Tianeptine is a prescription antidepressant in Europe, Asia and Latin America
Between 2014 and 2017, there was a sharp increase in US poison control calls related to tianeptine
From 2014 through 2017, there was an increase in US poison control calls related to the intentional abuse and misuse of tianeptine, an unapproved antidepressant drug, the US Centers for Disease Control and Prevention said in a report on Thursday.
Tianeptine, marketed as Coaxil or Stablon, is used as a prescription antidepressant in Europe, Asia and Latin America. In the US, it can be purchased on the Internet, even though the US Food and Drug Administration has not approved its use.
There have been reports that recreational abuse might result in severe side effects including vomiting, confusion, coma and kidney failure. The drug can be lethal in rare cases.

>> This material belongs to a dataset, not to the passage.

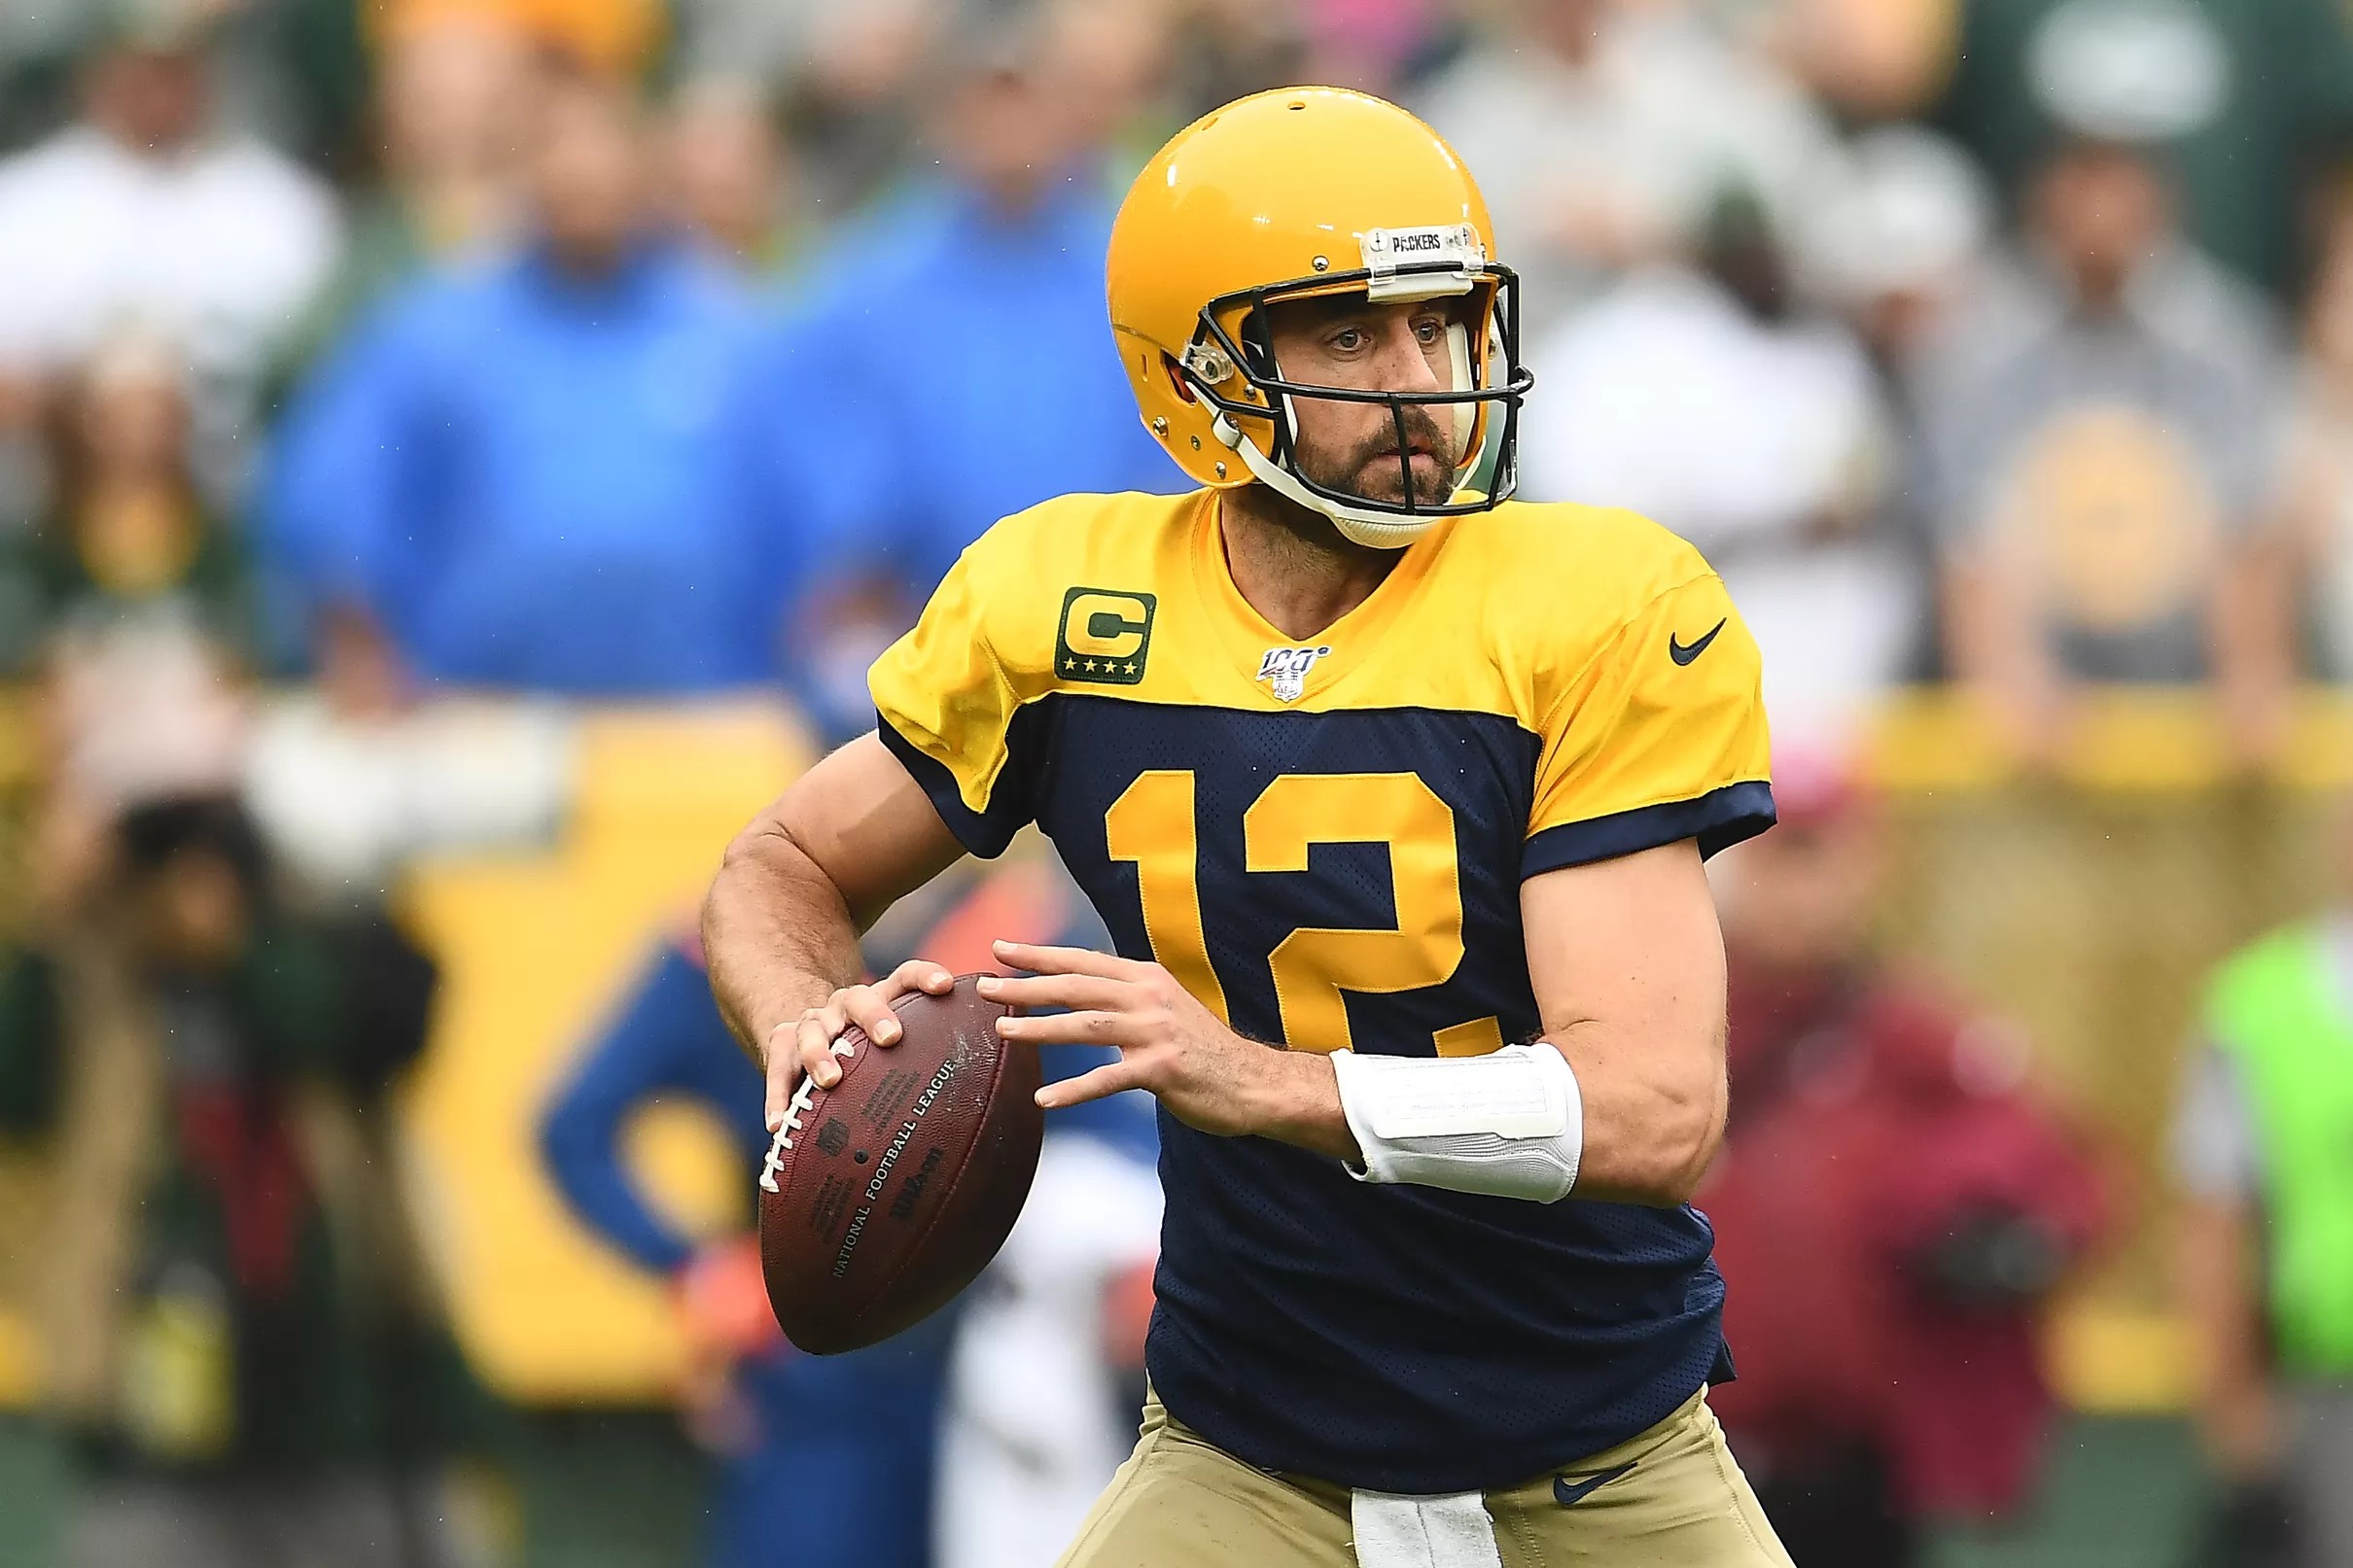 Packers will wait until 2021 for new throwback jersey, says Pro Shop

“Deaths associated with misuse of tianeptine have been reported outside the United States,” CDC researchers wrote in the new report. They added that two recent deaths attributed to “tianeptine toxicity” occurred in the US after the drug was purchased online.
Discovered and patented by The French Society of Medical Research in the 1960s, the drug has shown beneficial effects against some symptoms of depression, including anxiety. Yet when it was first developed, its precise mode of action was unclear.
Research published in 2014 revealed that the drug stimulates some opioid receptors, which in turn release the brain’s chemical messengers (neurotransmitters), and this change in brain chemistry provides relief for some people with depression. Even before that study, though, reports of tianeptine abuse and withdrawal were similar to those of opioid abuse and withdrawal.